Received 11 July 2016; Revised 7 November 2016; Accepted 23 November 2016

Academic Editor: Andrea Mencarelli

Copyright © 2016 Guotao Lu et al. This is an open access article distributed under the Creative Commons Attribution License, which permits unrestricted use, distribution, and reproduction in any medium, provided the original work is properly cited.

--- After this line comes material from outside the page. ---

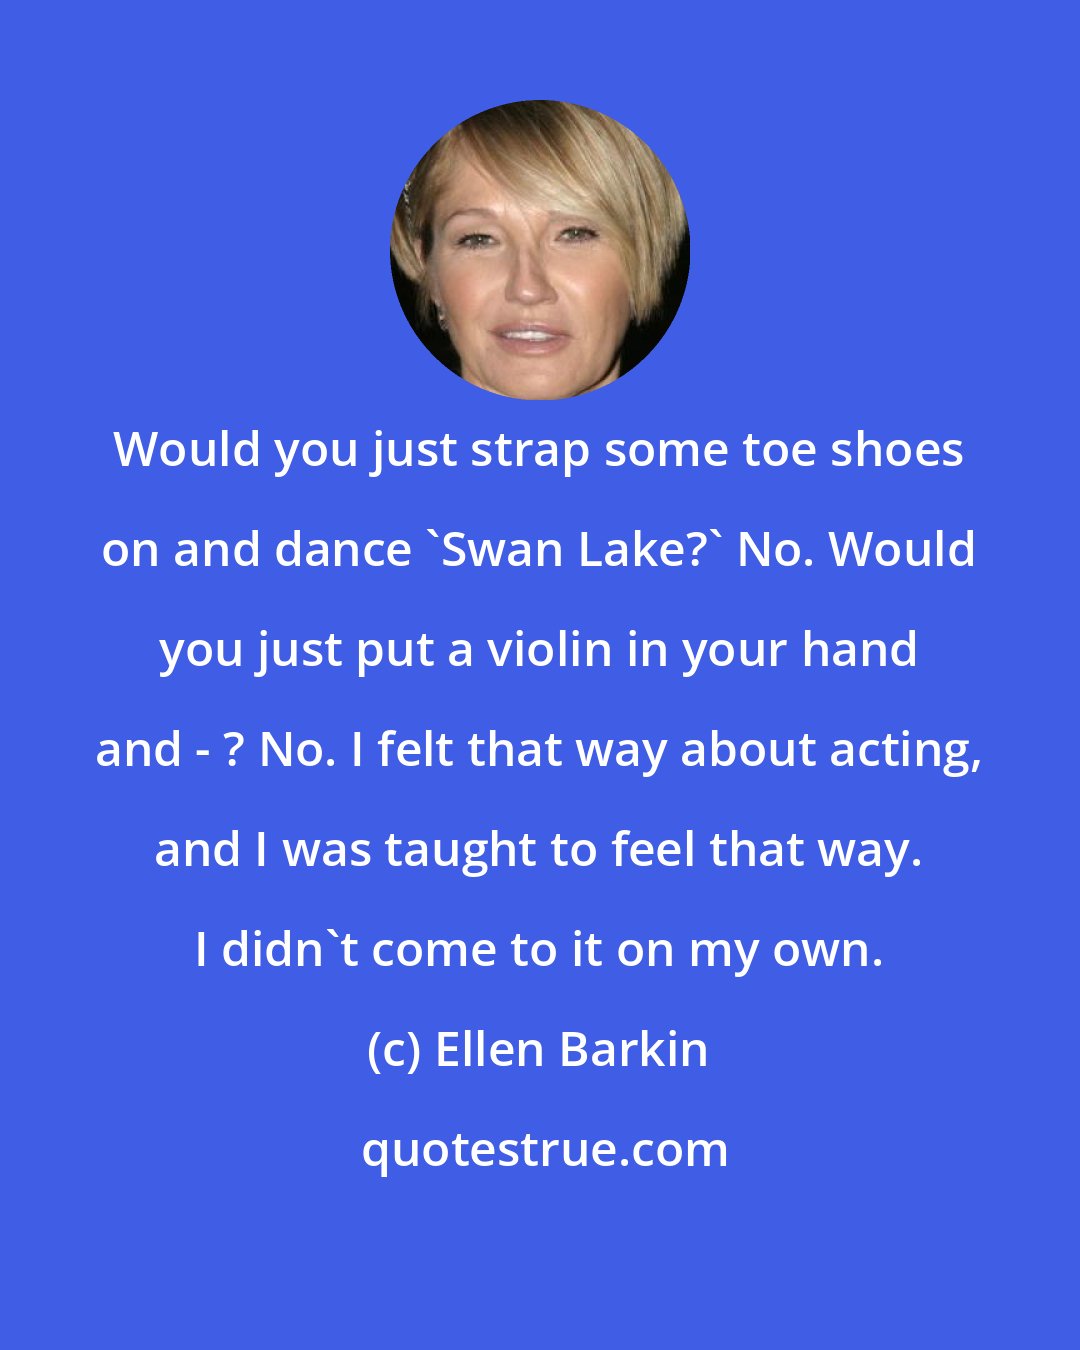 Ellen Barkin: Would you just strap some toe shoes on and dance 'Swan Lake?' No. Would you just put a violin in your hand and - ? No. I felt that way about acting, and I was taught to feel that way. I didn't come to it on my own.

Aspirin has a clear anti-inflammatory effect and is used as an anti-inflammatory agent for both acute and long-term inflammation. Previous study has indicated that aspirin alleviated acute pancreatitis induced by caerulein in rat. However, the role of aspirin on severe acute pancreatitis (SAP) and the necrosis of pancreatic acinar cell are not yet clear. The aim of this study was to determine the effects of aspirin treatment on a SAP model induced by caerulein combined with Lipopolysaccharide. We found that aspirin reduced serum amylase and lipase levels, decreased the MPO activity, and alleviated the histopathological manifestations of pancreas and pancreatitis-associated lung injury. Proinflammatory cytokines were decreased and the expression of NF-κB p65 in acinar cell nuclei was suppressed after aspirin treatment. Furthermore, aspirin induced the apoptosis of acinar cells by TUNEL assay, and the expression of Bax and caspase 3 was increased and the expression of Bcl-2 was decreased. Intriguingly, the downregulation of critical necrosis associated proteins RIP1, RIP3, and p-MLKL was observed; what is more, we additionally found that aspirin reduced the COX level of pancreatic tissue. In conclusion, our data showed that aspirin could protect pancreatic acinar cell against necrosis and reduce the severity of SAP. Clinically, aspirin may potentially be a therapeutic intervention for SAP.